A mudança fez a pasta recuperar 52,39% de todos os débitos enviados a inadimplentes em 2016. Em valores, significa que, dos R$ 3,7 bilhões de dívidas reclamadas no ano passado, R$ 1,9 bilhão foi quitado.

De acordo com a subsecretária da Receita do DF, Márcia Robalinho, a efetividade de mais da metade das dívidas pagas é resultado de uma política de aproximar o Fisco do contribuinte.

“Nosso sistema atual permite uma interação muito maior com o contribuinte e dá a oportunidade de ele resolver espontaneamente seus problemas”, destaca.

Relacionamento do governo com o contribuinte

Uma das ações implementadas na pasta foi estreitar os canais de comunicação com os cidadãos que têm débitos tributários com o governo.

Antes, o procedimento consistia em emitir um auto de infração e aguardar o pagamento. Não era raro o processo parar na Justiça e demorava anos para ter uma definição.

Agora, os servidores da pasta entram em contato por telefone ou e-mail. “O auto de infração não pode ser visto como fim, mas como meio. Antigamente, o procedimento era identificar o débito e multar, mas isso mudou: primeiro damos a oportunidade para o contribuinte se ajustar e tirar suas dúvidas”, ressalta Márcia.

52,39%Efetividade da Secretaria de Fazenda nas cobranças enviadas em 2016

Neste mês, a pasta iniciou, em caráter experimental, um sistema de cobrança do Imposto sobre Propriedade de Veículos Automotores (IPVA) via contato por e-mail e por telefone.

Em um único fim de semana, foram encaminhados cerca de 19 mil e-mails para contribuintes que não pagaram a primeira cota do tributo. Desses, 402 quitaram a dívida, resultando no recolhimento de R$ 285 mil. Dentro de 10 e 20 dias, serão reencaminhadas as mensagens para os que continuarem com débito em aberto.

Outra etapa é contatar os devedores sem e-mail cadastrado na secretaria via telefonemas. As ligações serão feitas por 10 servidores da pasta no período de um mês.

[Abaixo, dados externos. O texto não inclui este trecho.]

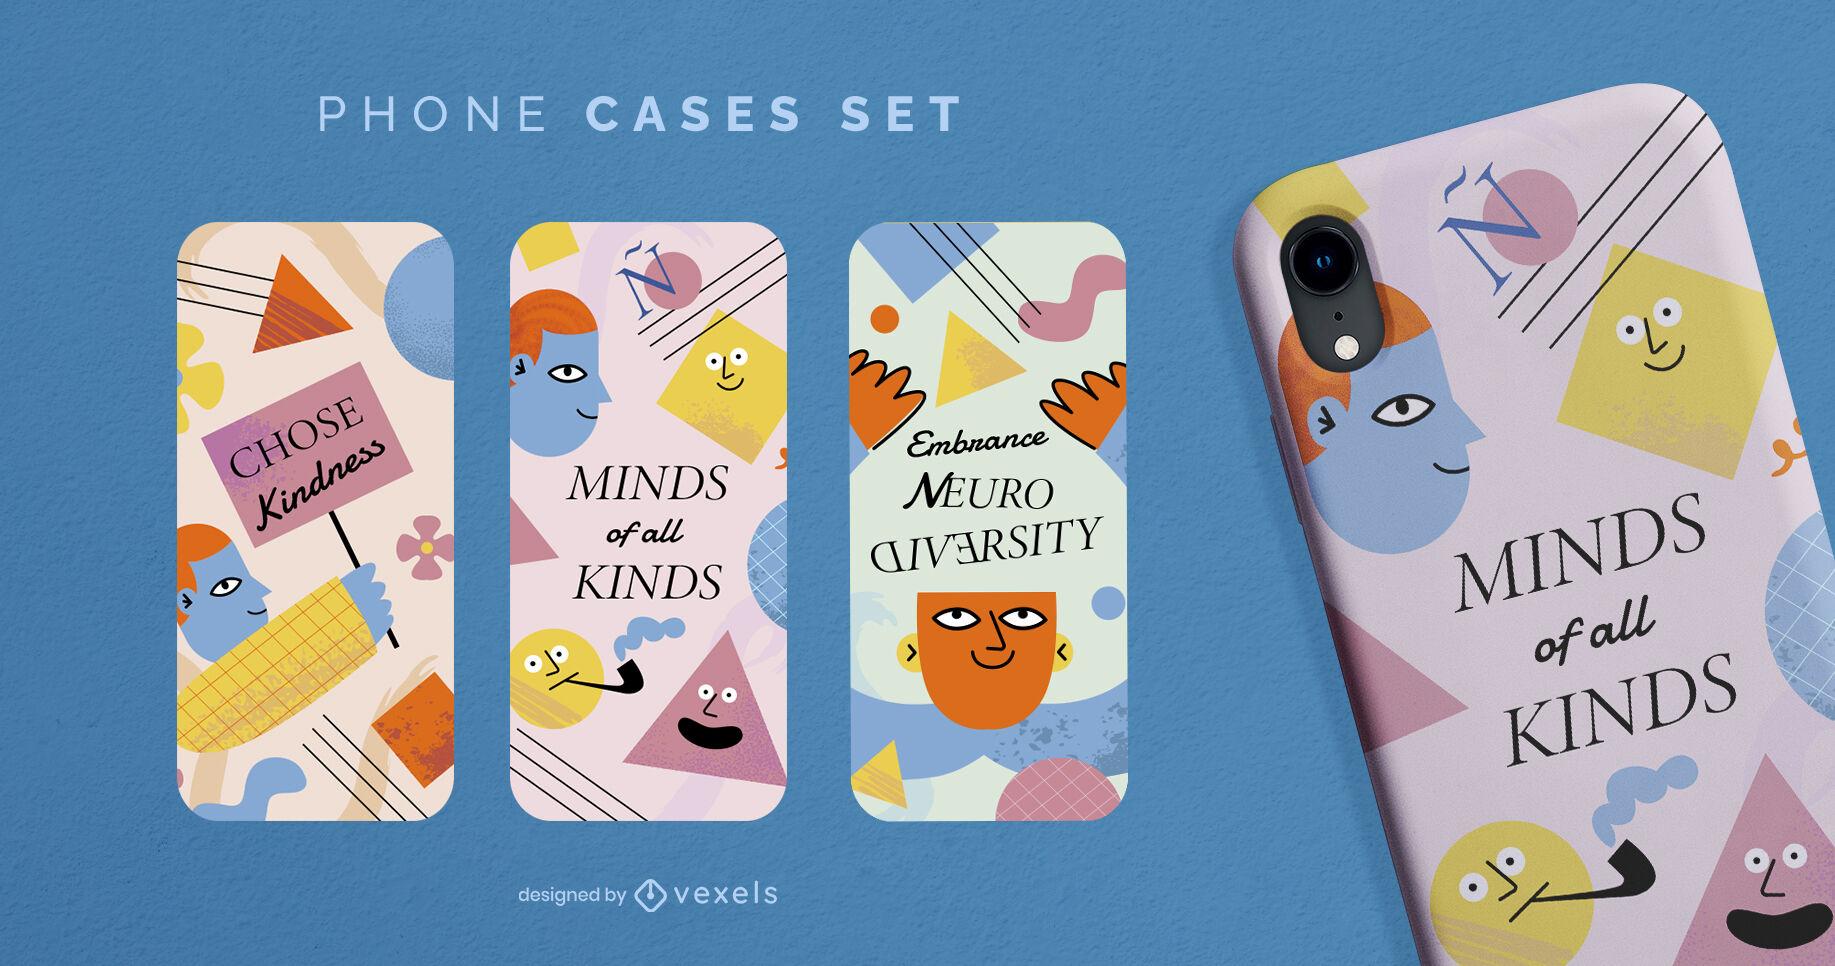 Diseño fresco de la caja del teléfono con neurodiversidad

Organização do cadastro de contribuintes inseridos em regimes especiais

Outra forma de minimizar as perdas na arrecadação foi reorganizar o cadastro de contribuintes inseridos em regimes especiais de tributação.

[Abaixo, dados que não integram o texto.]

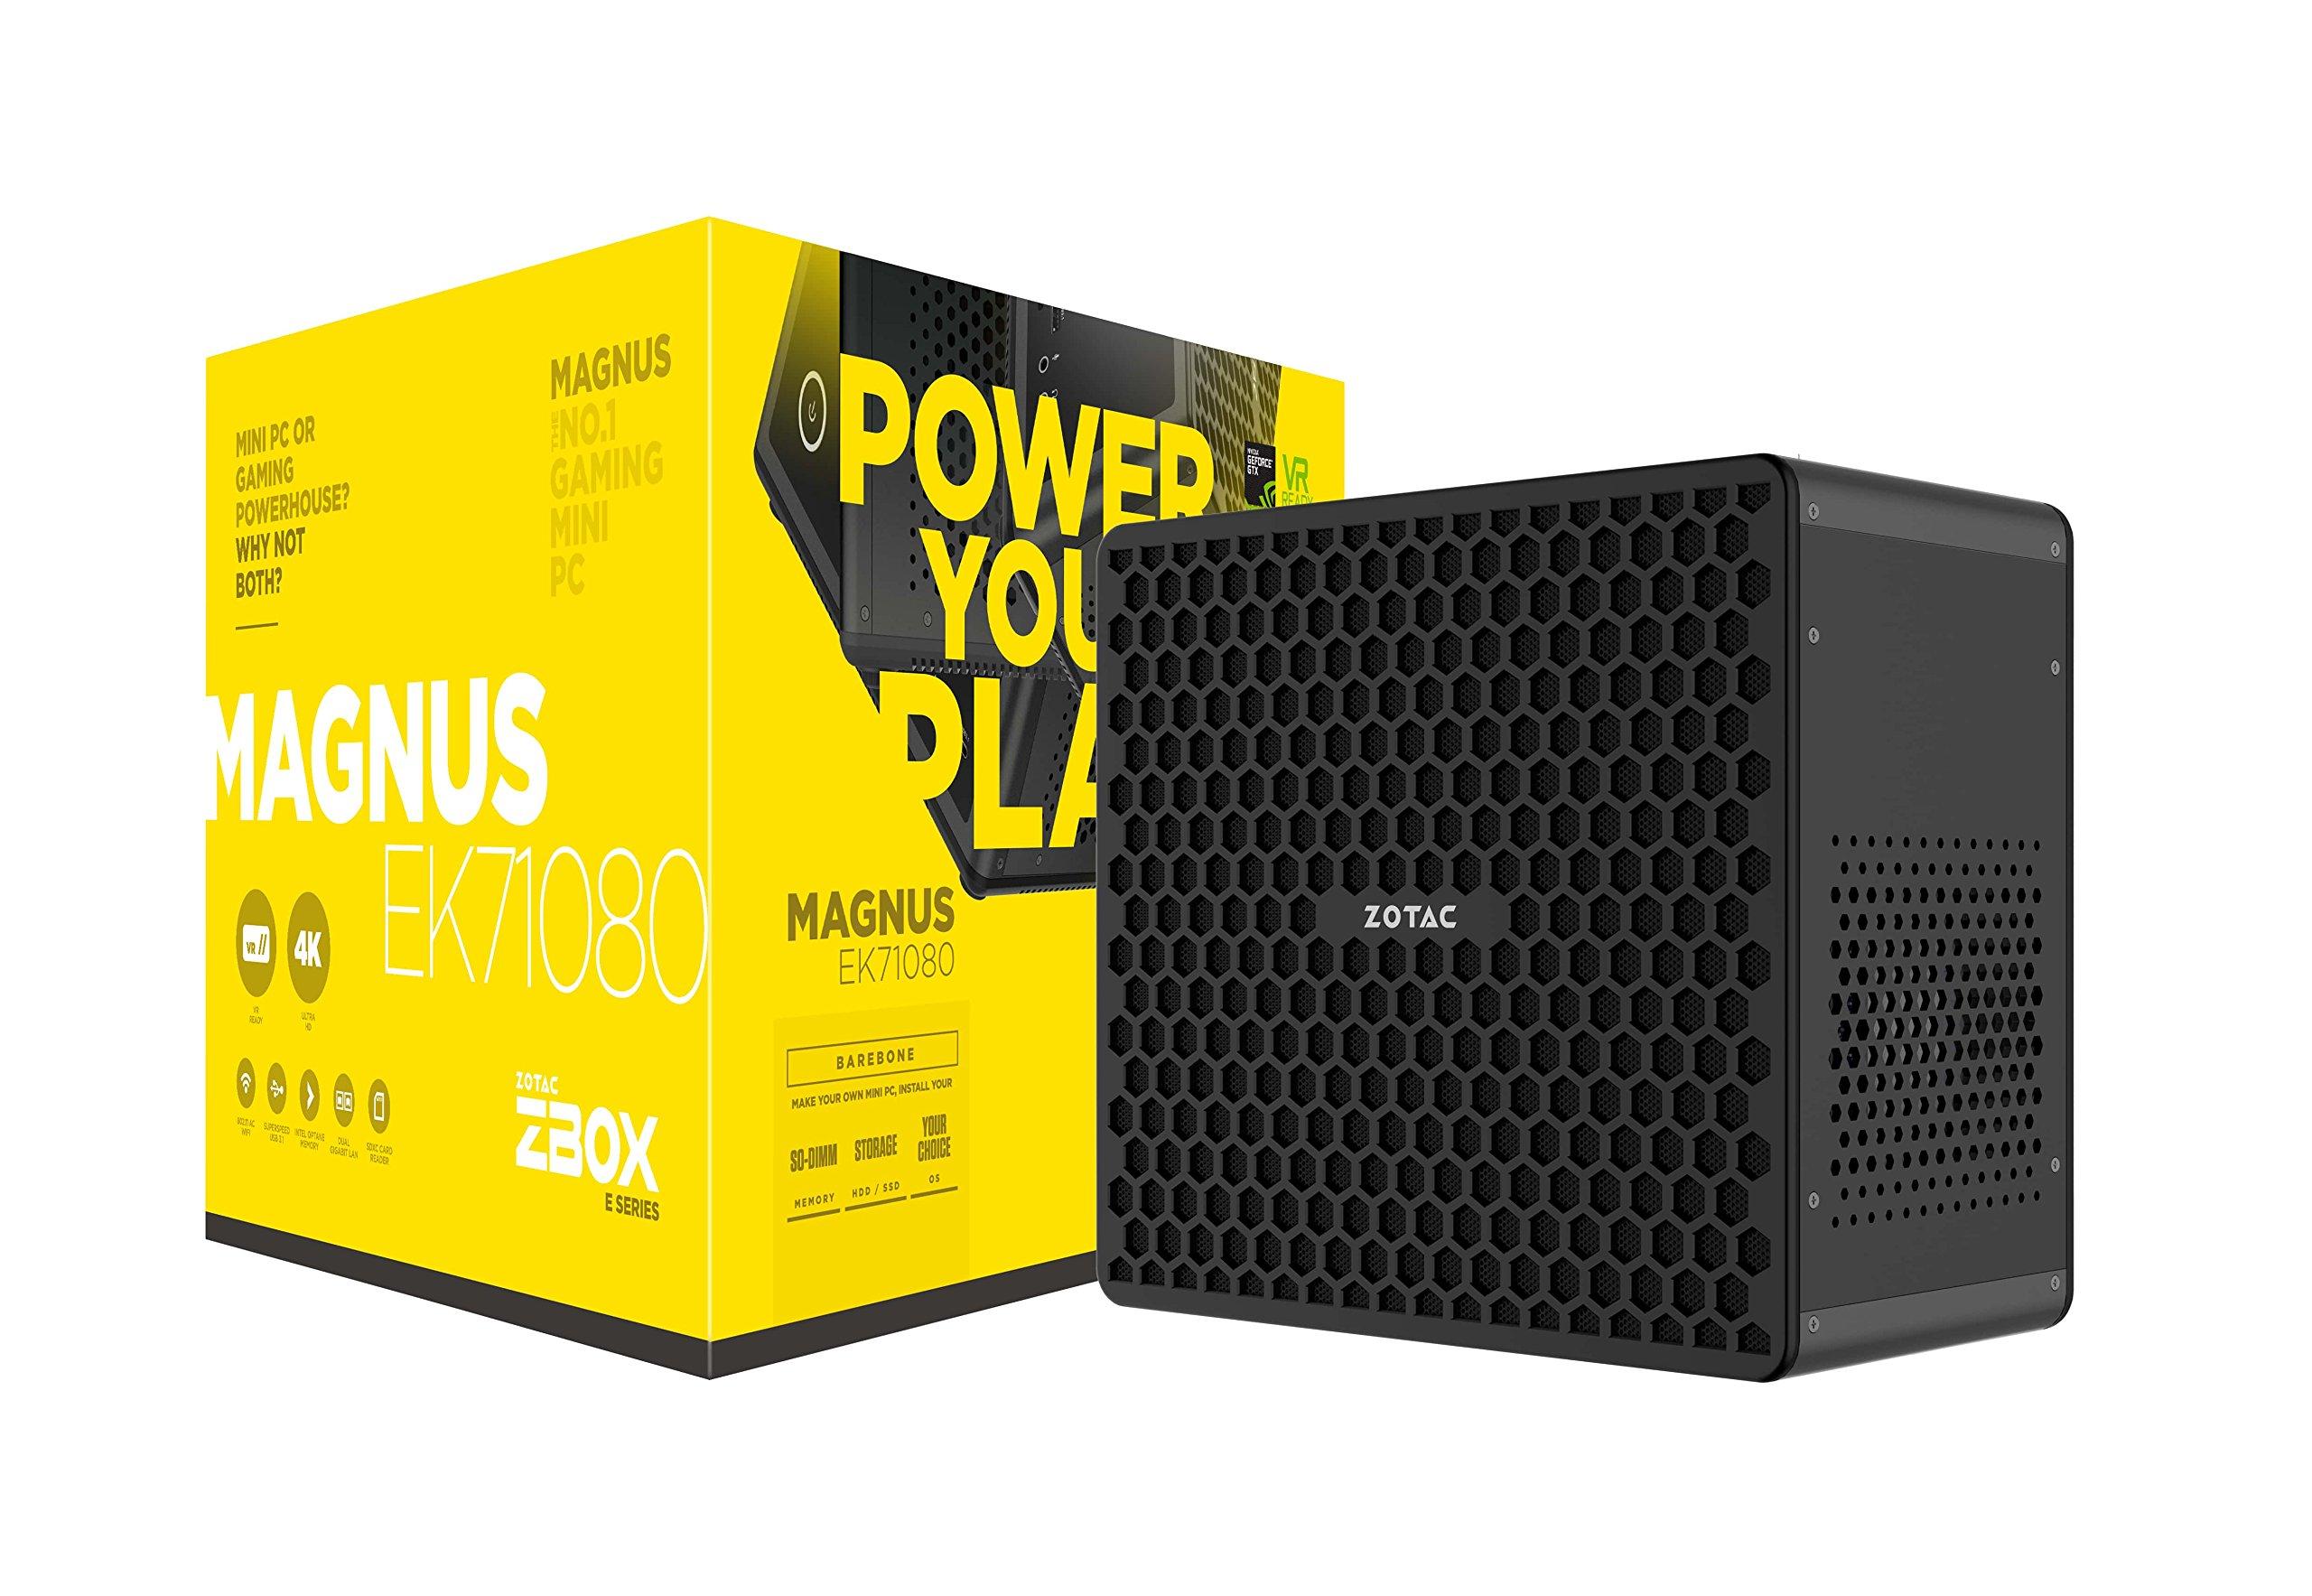 ZOTAC ZBOX-EK71080-U MAGNUS EK71080 Gaming Mini PC GeForce GTX 1080 Intel Core i7-7700HQ Barebone System

O setor atacadista, por exemplo, tem alíquota reduzida em 12%, mas, para fazer jus ao benefício, os empresários do ramo não podem ter débitos com o Fisco.

Com a nota fiscal eletrônica, o trabalho de parar caminhões com cargas em postos fixos tornou-se desnecessário

A Secretaria de Fazenda fez um pente-fino nas empresas do setor — o terceiro que mais arrecada com Imposto sobre Serviço de Qualquer Natureza (ISS) — e começou a cobrá-las, sob pena de serem excluídas do regime de tributação diferenciada. A medida, de acordo com a pasta, tem feito com que os empresários acertem suas pendências fiscais.

Tecnologia contribui para melhorar a produtividade

A tecnologia tem sido aliada da Secretaria de Fazenda. Com a nota fiscal eletrônica, o trabalho de parar caminhões com cargas em postos fixos tornou-se desnecessário.

Servidores foram redistribuídos em áreas de monitoramento e cobrança que resultam em operações mais eficientes. “Antes, o posto fiscal era importante porque não existia nota fiscal eletrônica, então, a fiscalização era na sorte. Hoje, é possível planejar as ações, trabalhar com indícios consistentes e ser mais assertivo nas nossas operações”, diz a subsecretária da Receita.

Outra mudança que ocorrerá em 1º de agosto e deve implicar melhora na produtividade da pasta e o consequente aumento na arrecadação será a readequação na escala de trabalho dos fiscais de trânsito.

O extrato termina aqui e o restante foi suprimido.